### TO DO
Starting with the line that contains "Drinking Smoothies Everyday For Weight Loss", copy each line exactly through the end of the listing, and omit all pictures.

**** DATA EXTRACTS ****

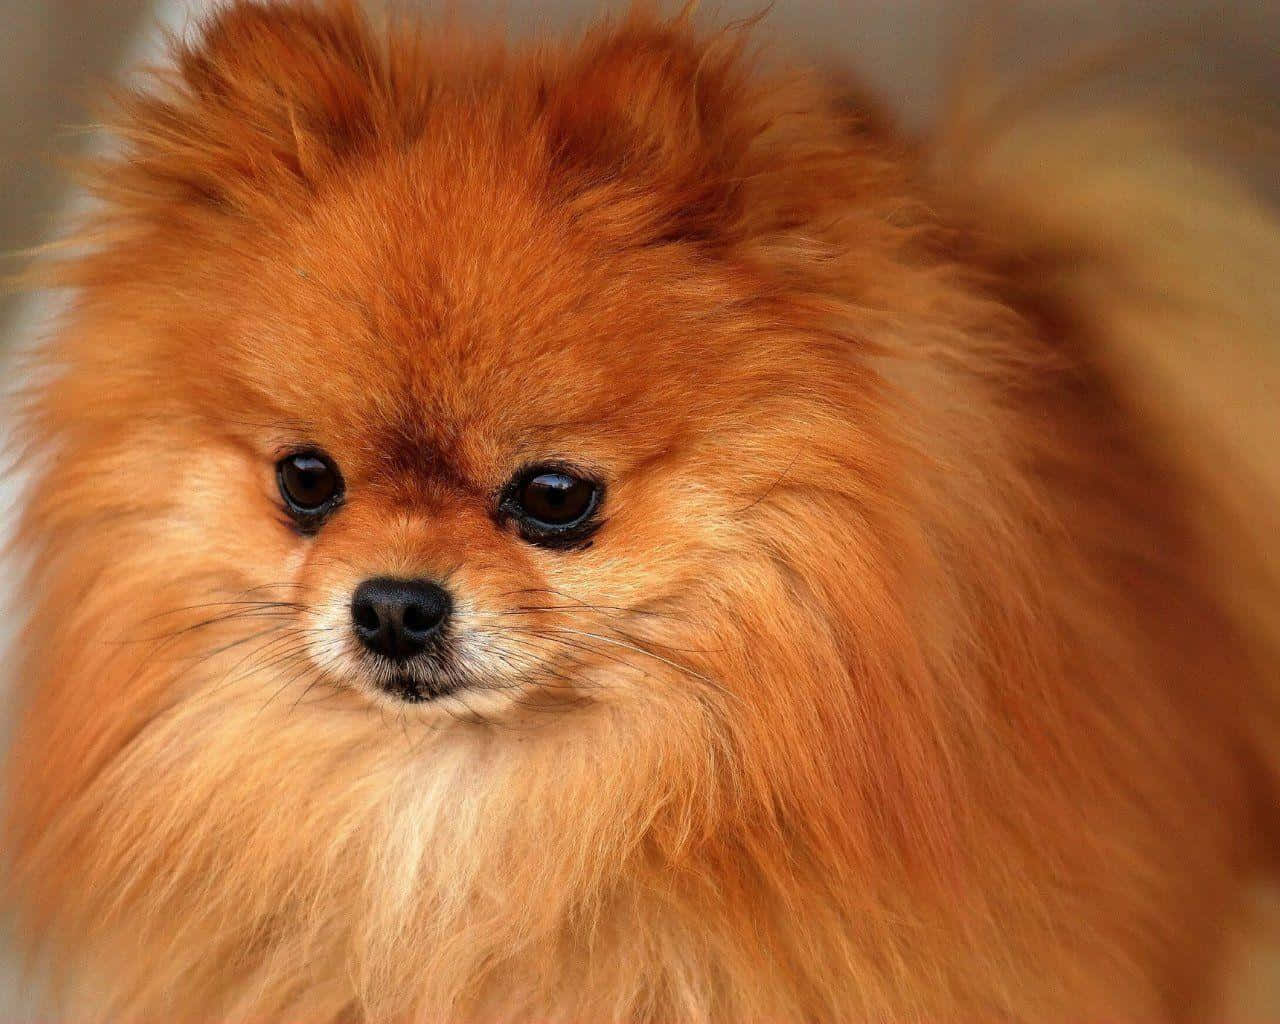 Fluffy Pomeranian Close-Up Picture
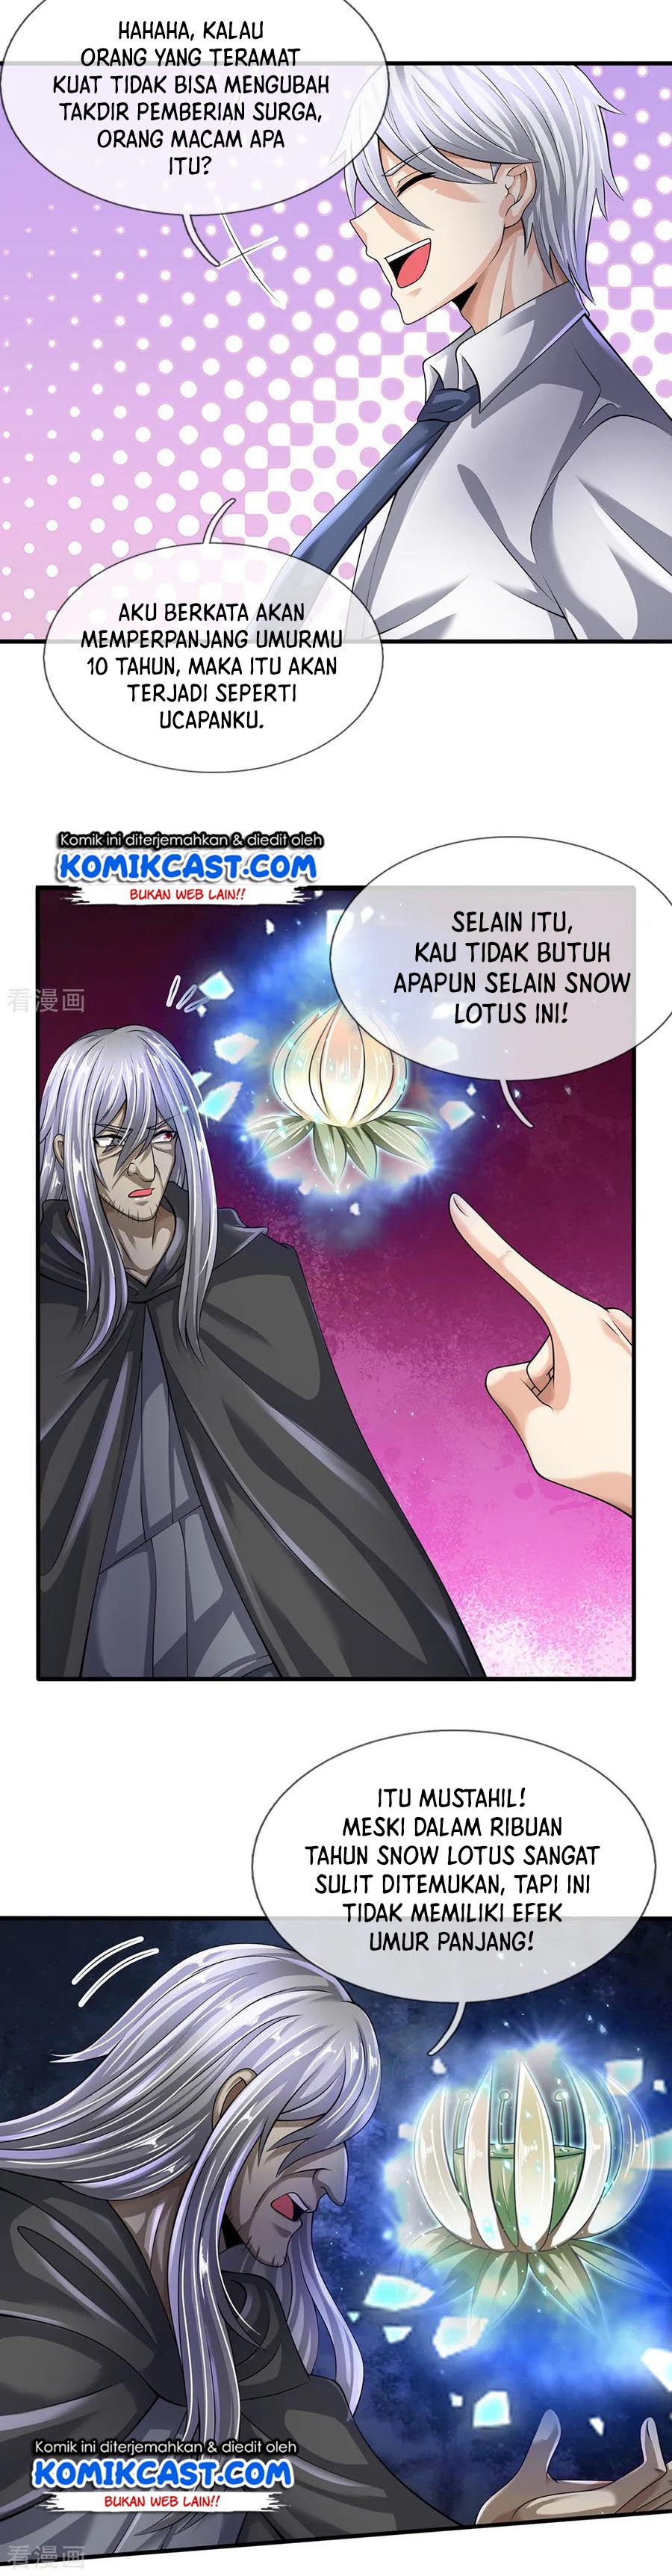 City of Heaven TimeStamp Chapter 138
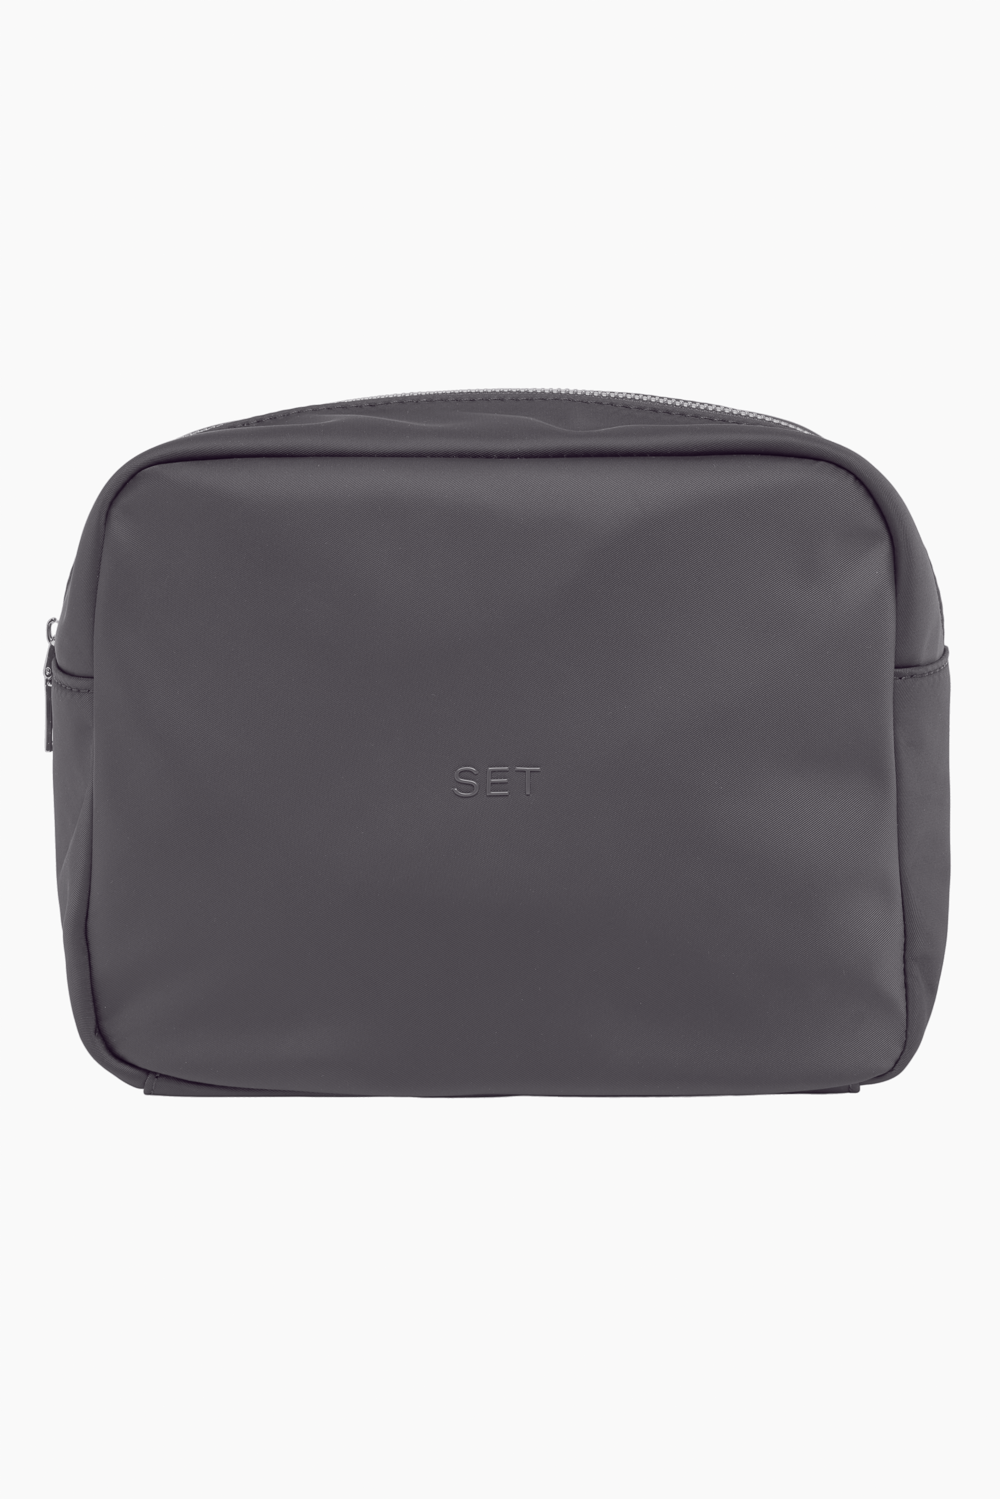 EVERYTHING BAG - GRAPHITE Featured Image
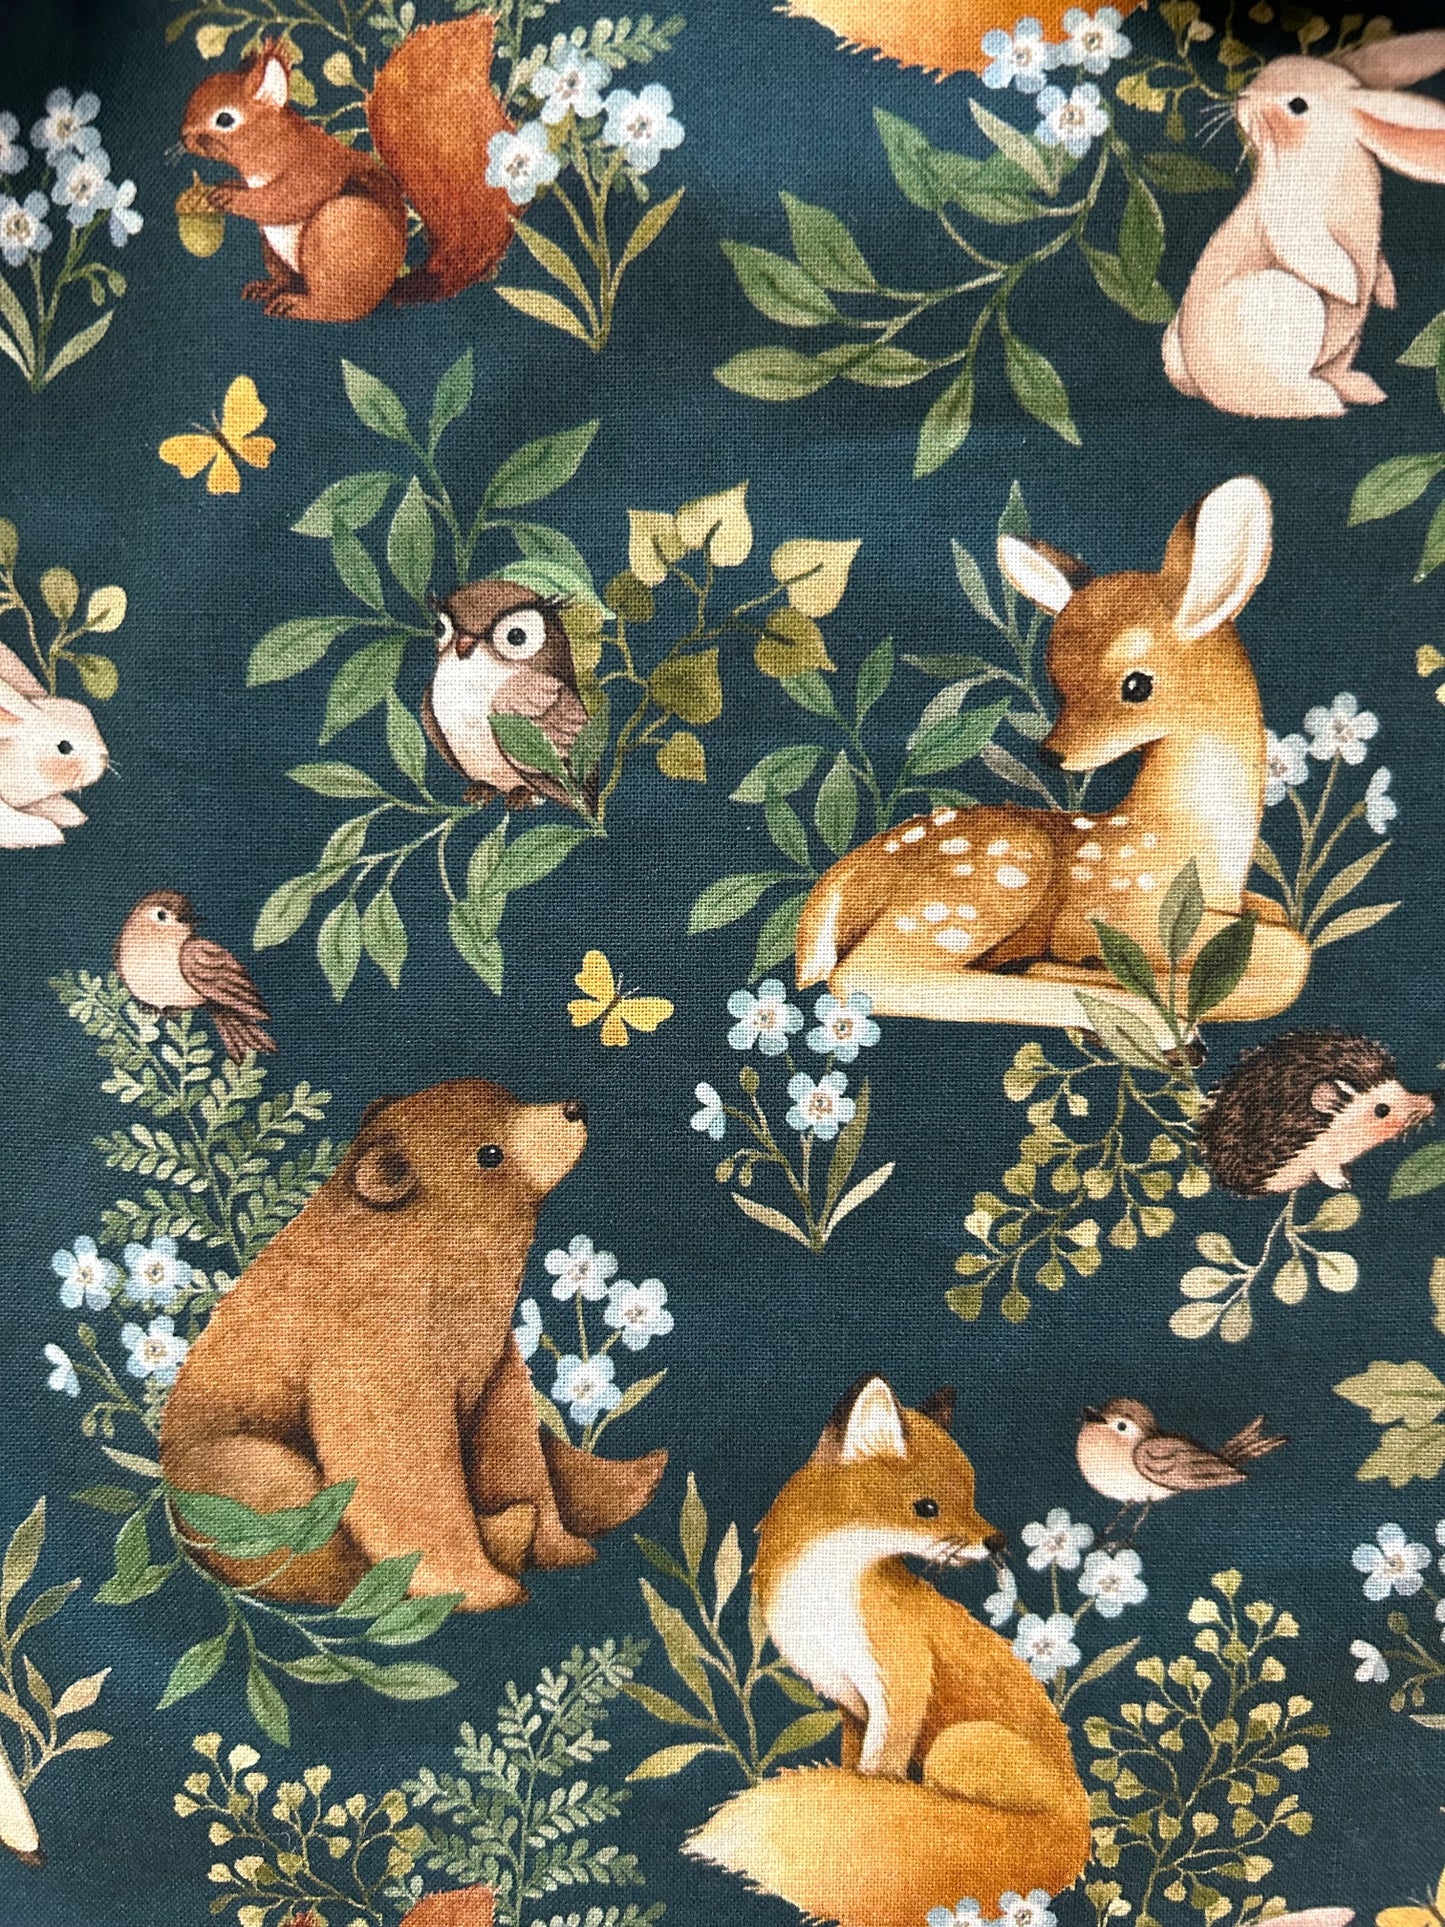 a close up of the fabric showing the deer, bear, owls, birds and branches
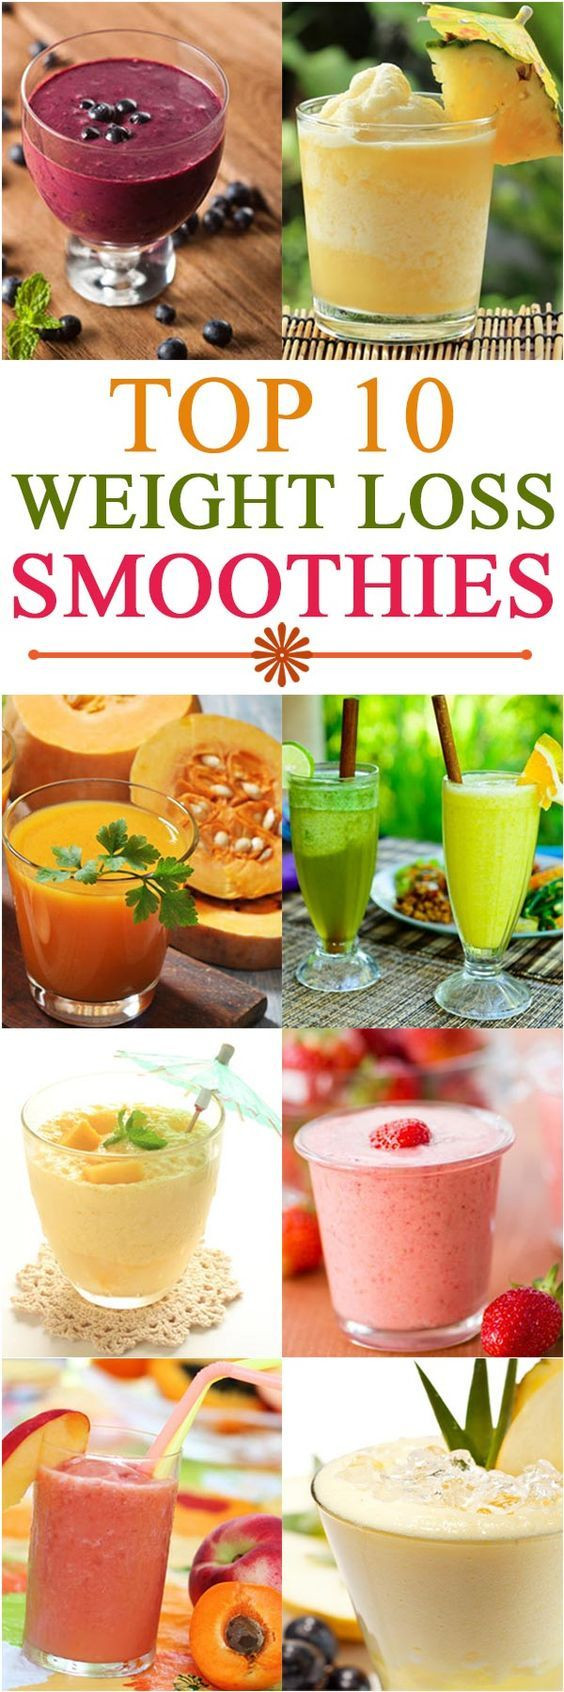 Drinking Smoothies Everyday For Weight Loss
 10 Amazing Weight Loss Drinks

****

### OUTPUT OF THE EXERCISE
 Drinking Smoothies Everyday For Weight Loss
 10 Amazing Weight Loss Drinks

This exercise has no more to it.